"May I ask you, sir," continued the secretary, "if you are married to this young lady? is she your wife? is she your sister?"
"Neither, sir," replied Edward,—"neither as yet. She may be some day my wife: till then she is to me as a sister. But, Monsieur Tronson, if I am to submit to interrogatories at all, I should prefer that they be put by his Eminence the cardinal himself."
"One more, and I have done," said the secretary. "How happens it that you two have been so long on the road? Could you find no means of coming to Nantes sooner?"
"If you know the time we have spent on the road, sir," replied Edward, "you should know likewise that Mademoiselle de Mirepoix's illness detained us."
"Mademoiselle de Mirepoix!" said De Tronson, with an air of surprise: "this is altogether a somewhat strange affair. But, as you say, it will be better all reserved for the cardinal himself. But as Mademoiselle Mirepoix is neither your wife nor your sister, Sir Peter, it will be necessary to place her under a lady's care while here."
"But," said Edward, fearing a longer and stricter separation from Lucette than he had calculated upon; but Monsieur de Tronson cut him short, gravely. "No buts, my young friend. It must be now as I say," he replied. "Wait here, mademoiselle: I will send some women to you in a few minutes. You, sir, follow me, and I will show you your apartment."
Resistance, of course, was not to be thought of; but Edward could not part from Lucette coldly, and, before going, he took her in his arms and kissed her warmly, whispering in English the first real words of love which had yet been spoken between them. "Love me, Lucette," he said; "love me, whatever befalls."

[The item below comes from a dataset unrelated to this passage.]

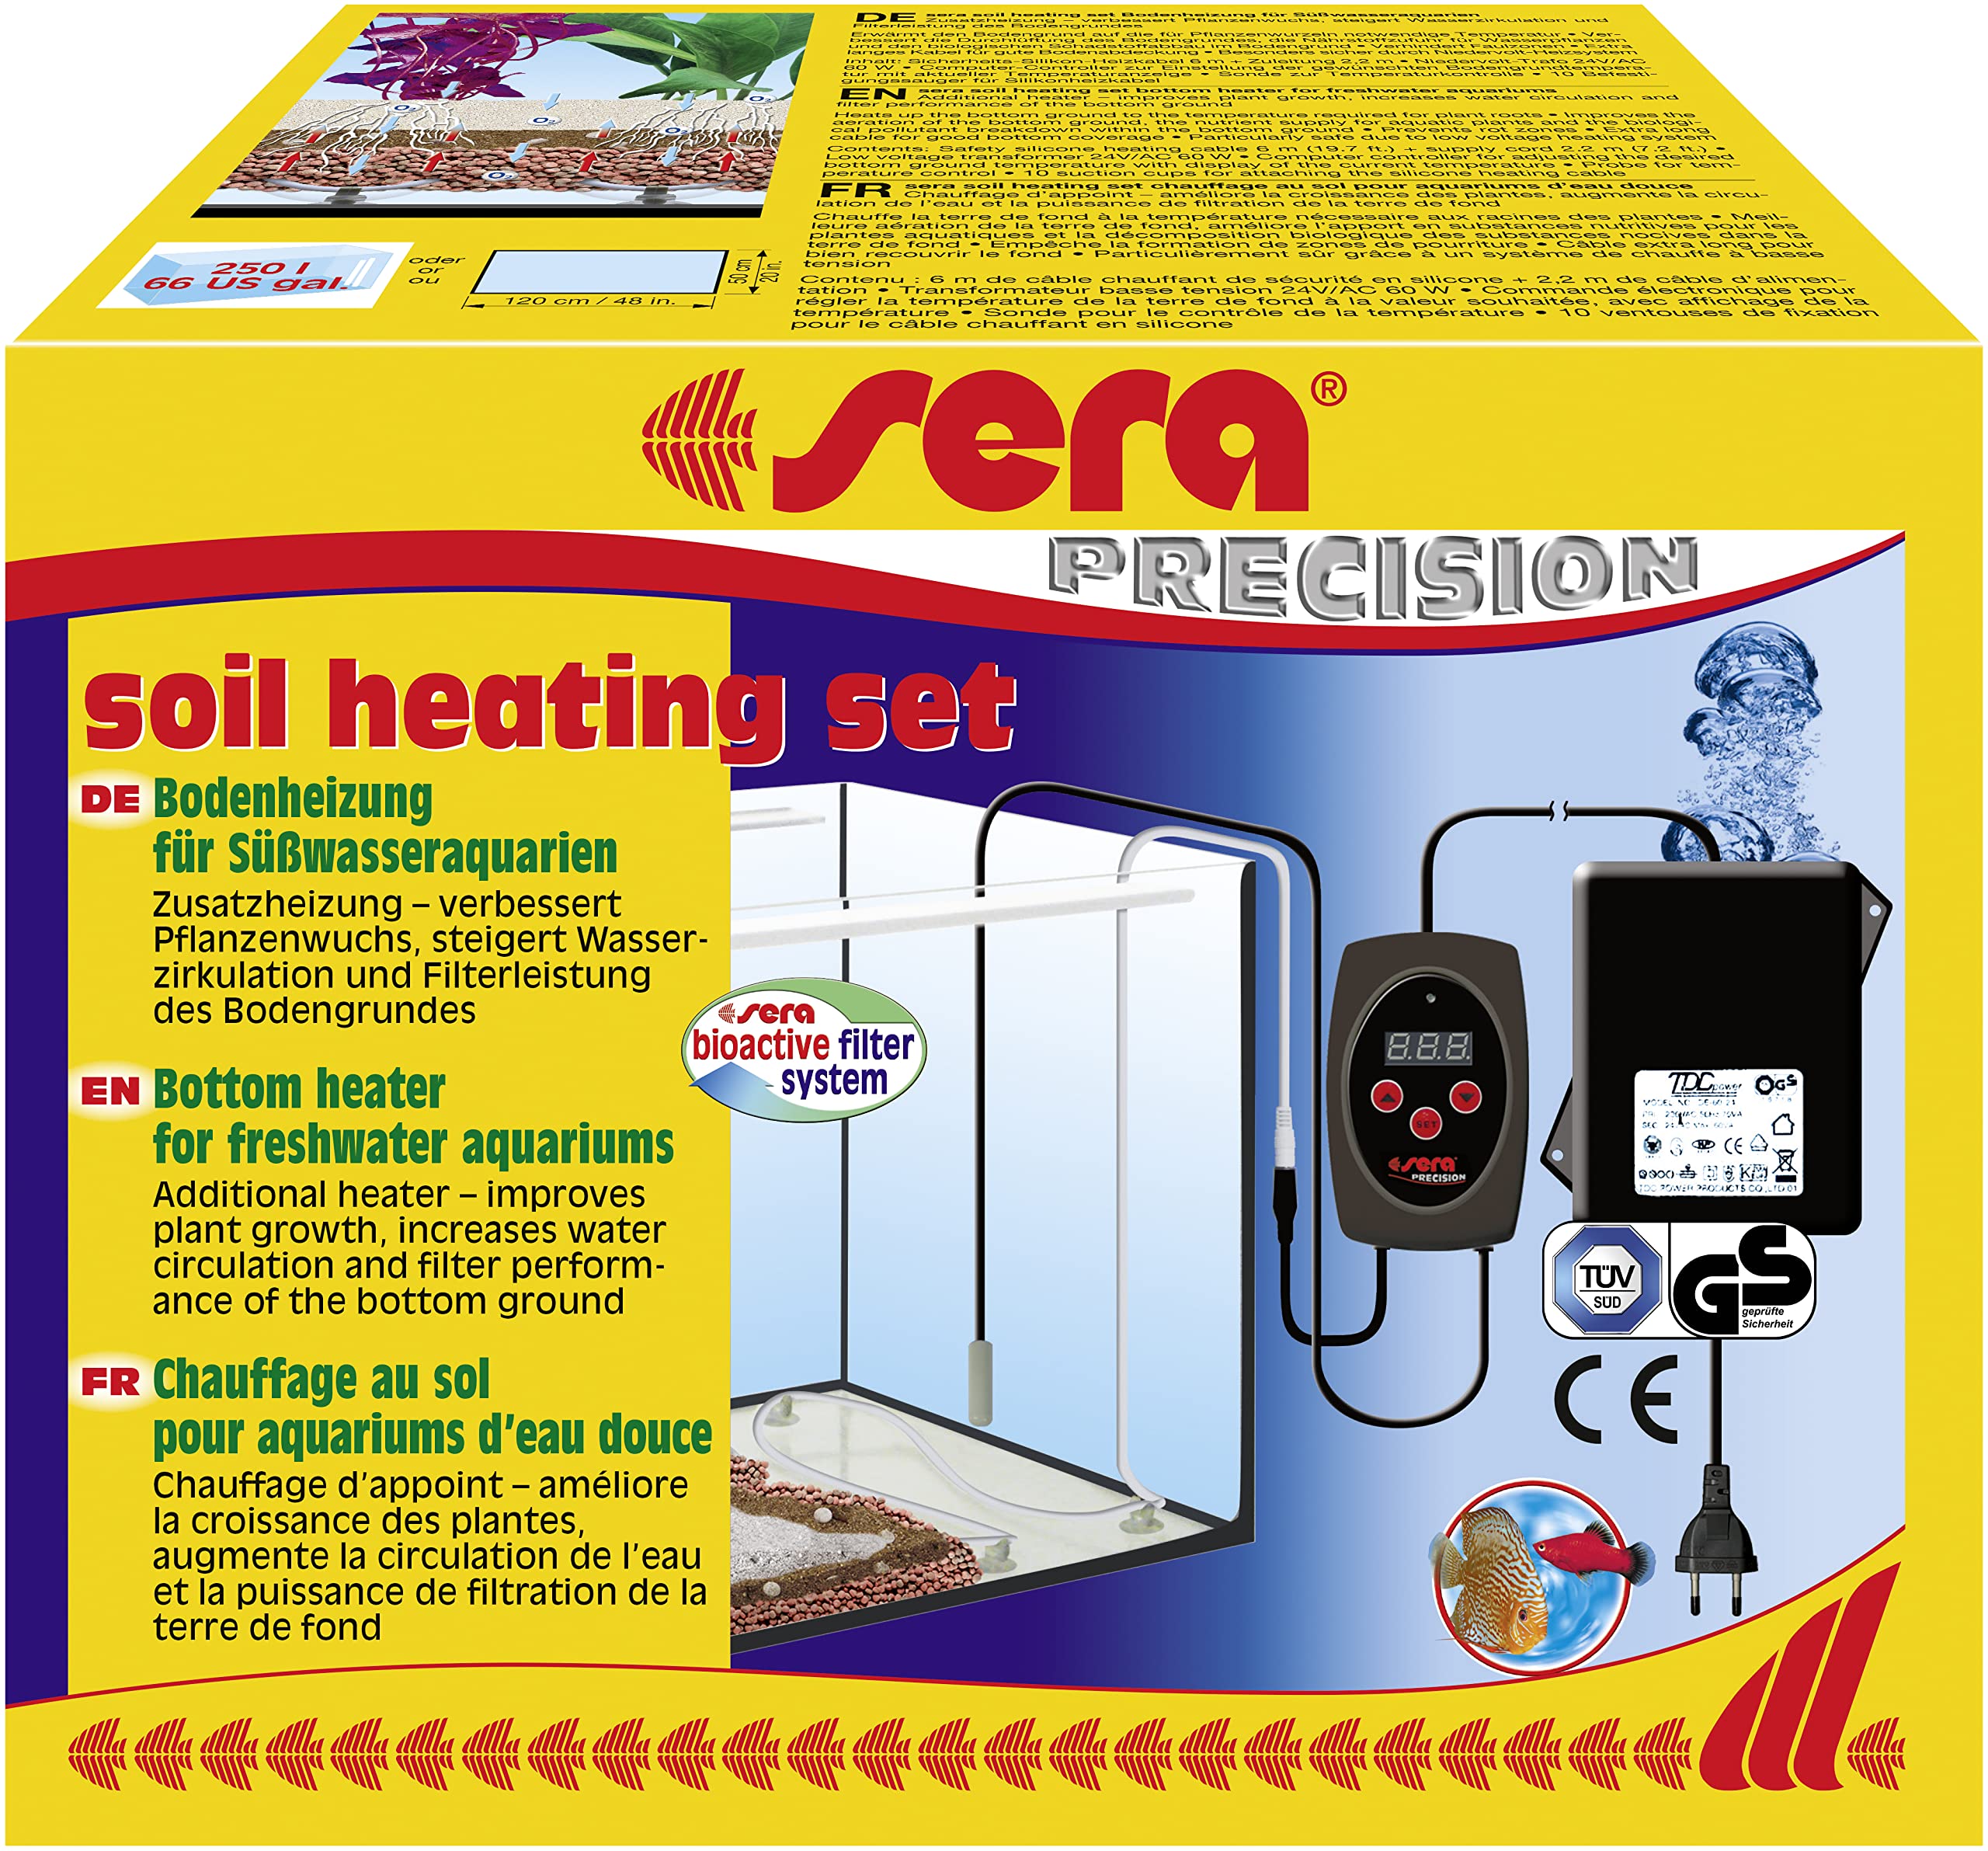 sera soil heating set - Computergesteuerte Bodenheizung für Süßwasseraquarien, 1 Stück (1er Pack)

The tears rose in her beautiful eyes; but it was a moment when she felt there could be no coyness. "I do; I will," she murmured.
"Ho! ho!" said the secretary, with a smile: "is it so far gone?" And he led the youth from the room.
Passage after passage seemed to Edward to be placing a terrible distance between him and her he loved, and cold and dreary appeared, and indeed was, his walk through the palace of the king. At length, however, Monsieur de Tronson opened a door at the foot of some steps, and there, in a short sort of long vestibule, appeared the first human beings they had seen since they quitted the room of the secretary. The first person they beheld was the valet whom Edward had before seen; but at the other end of the corridor, near a heavy iron-plated door, was a guard with a halberd on his shoulder.